But her offers to comfort and mother wither in the face of such obscenity. Look at that album cover, where an asexual child (Dolly? Joseph?) smiles without reservation clad in a drab smock of brown and blue. It mocks the title. For poor mountain folk like Dolly, many equals two. A coat of two colors, ain't I proud? The easy shuffle of the title track finds Dolly relishing her poverty, her "patches on my britches/ holes in my shoes" as her classmates laugh at her. "I couldn't understand it/ For I felt I was rich/ And I told them all the love my momma sewed in every stitch," she coos, shaken with fear but not shame, because this gal has the love of momma and Jesus in the hem of her garment. Thou shall not covet, nor shall thou be ashamed.

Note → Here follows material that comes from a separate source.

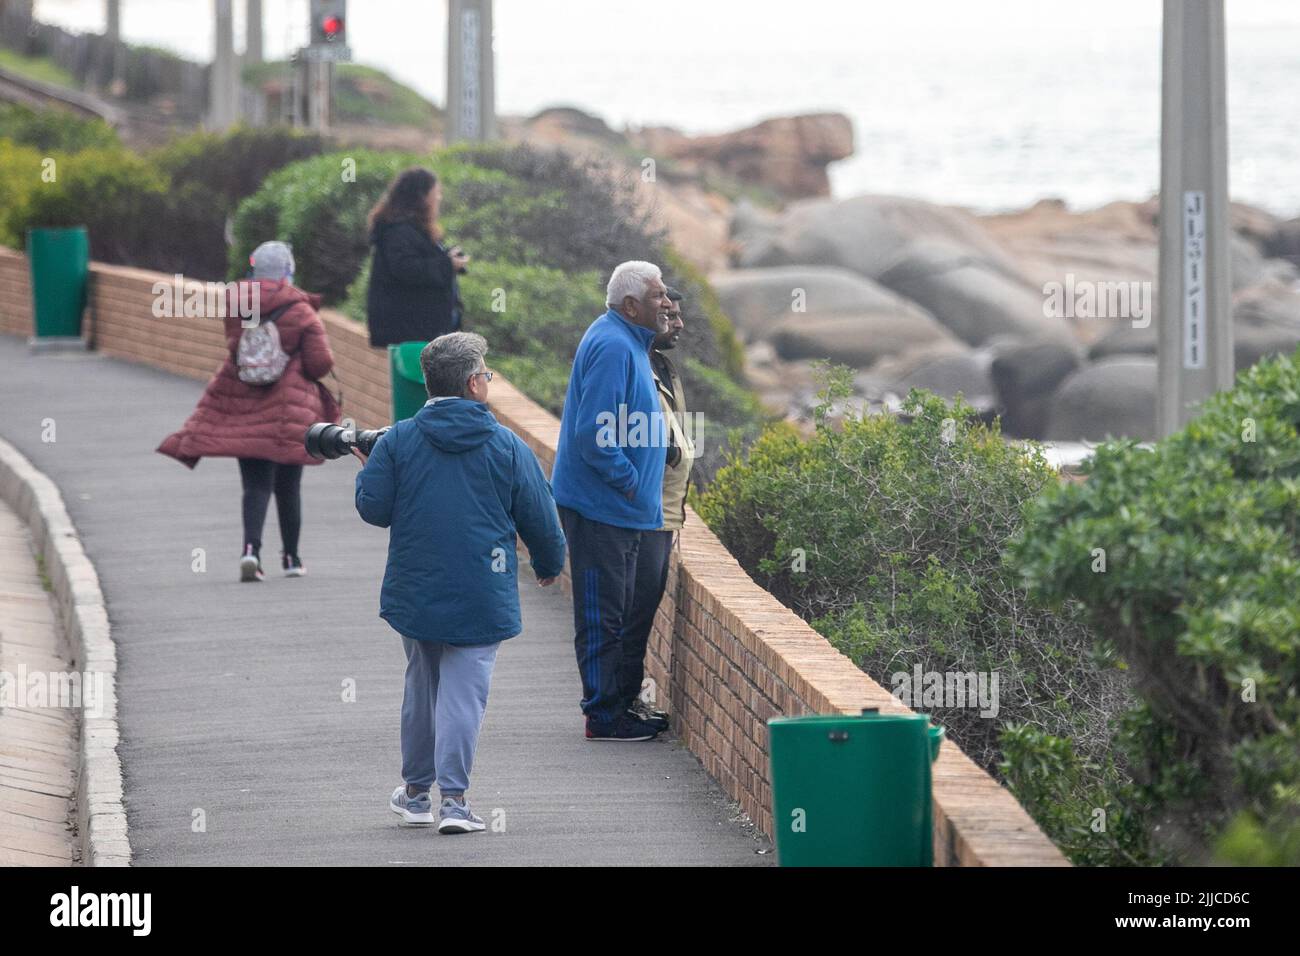 (220725) -- CAPE TOWN, July 25, 2022 (Xinhua) -- People watch whales in Cape Town, South Africa on July 13, 2022.  TO GO WITH 'Feature: Passion for whales takes Cape Town residents to citizen science' (Xinhua/Lyu Tianran) Stock Photo
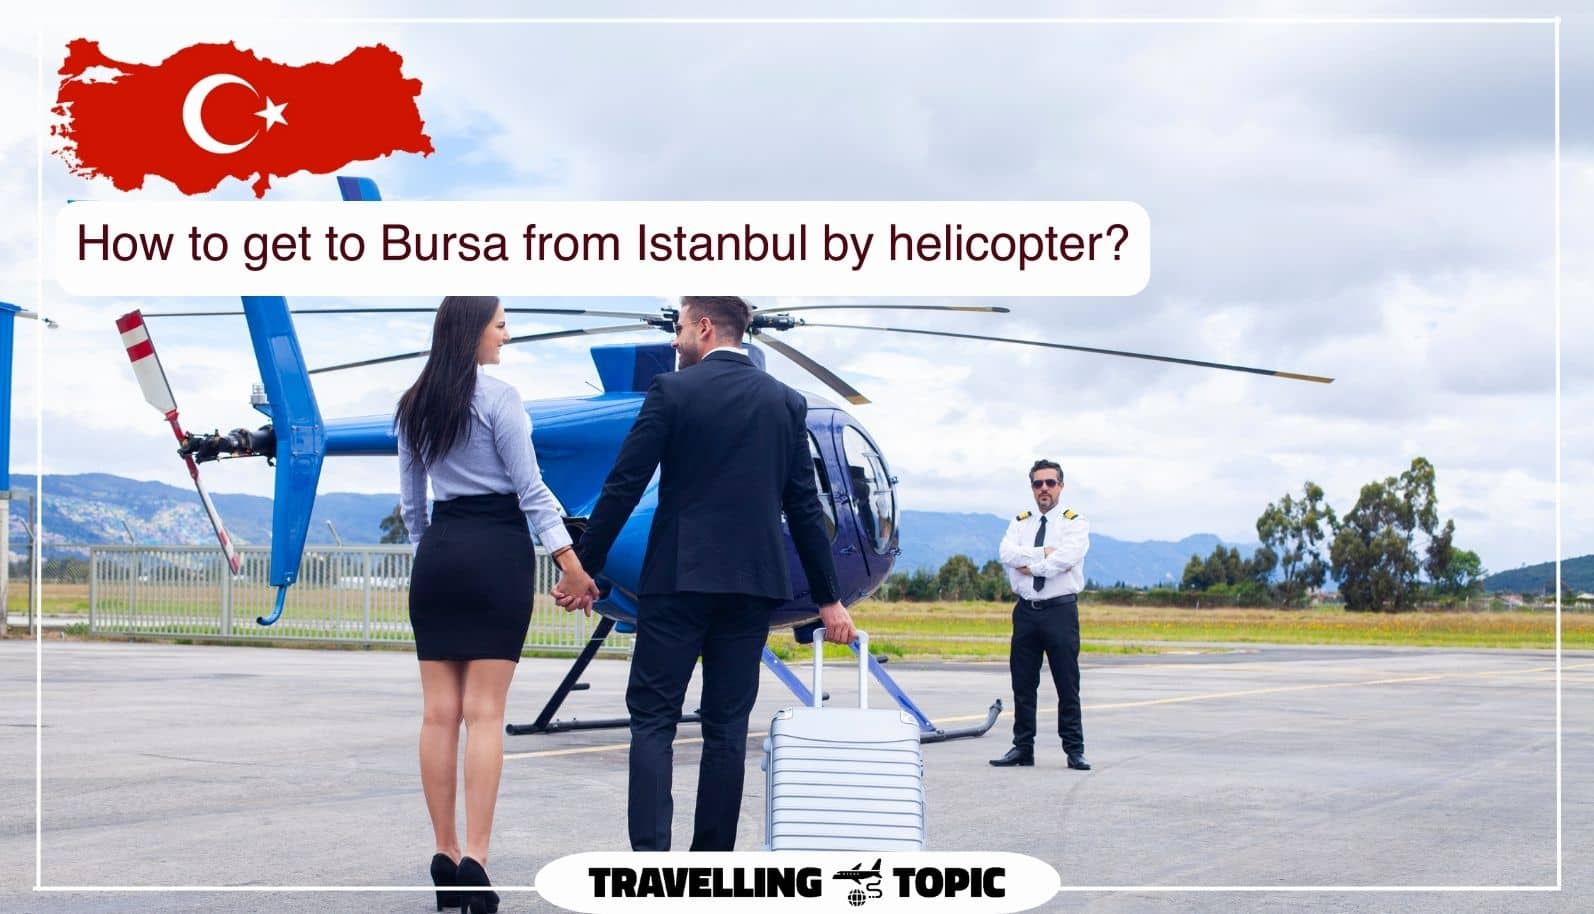 How to get to Bursa from Istanbul by helicopter

Within the context of the album, "Here I Am" seems less about Dolly's self-identification as a woman and more about finding a man who will be a husband and finding a hat on which to hang her heart. But there's an ambition in her voice — her eyes shut tight but her fists balled tighter — that no amount of homemaker dreaming can hide. This is Rosy the Riveter with two-dollar boots, hundred-dollar looks and a few thousand songs in her head. No man can quench that yearning, though many are dumb enough to try, blind to the fierceness that lurks behind those easy eyes and hungry breasts, and unable to recognize the sad sag of a smile that can never be satisfied.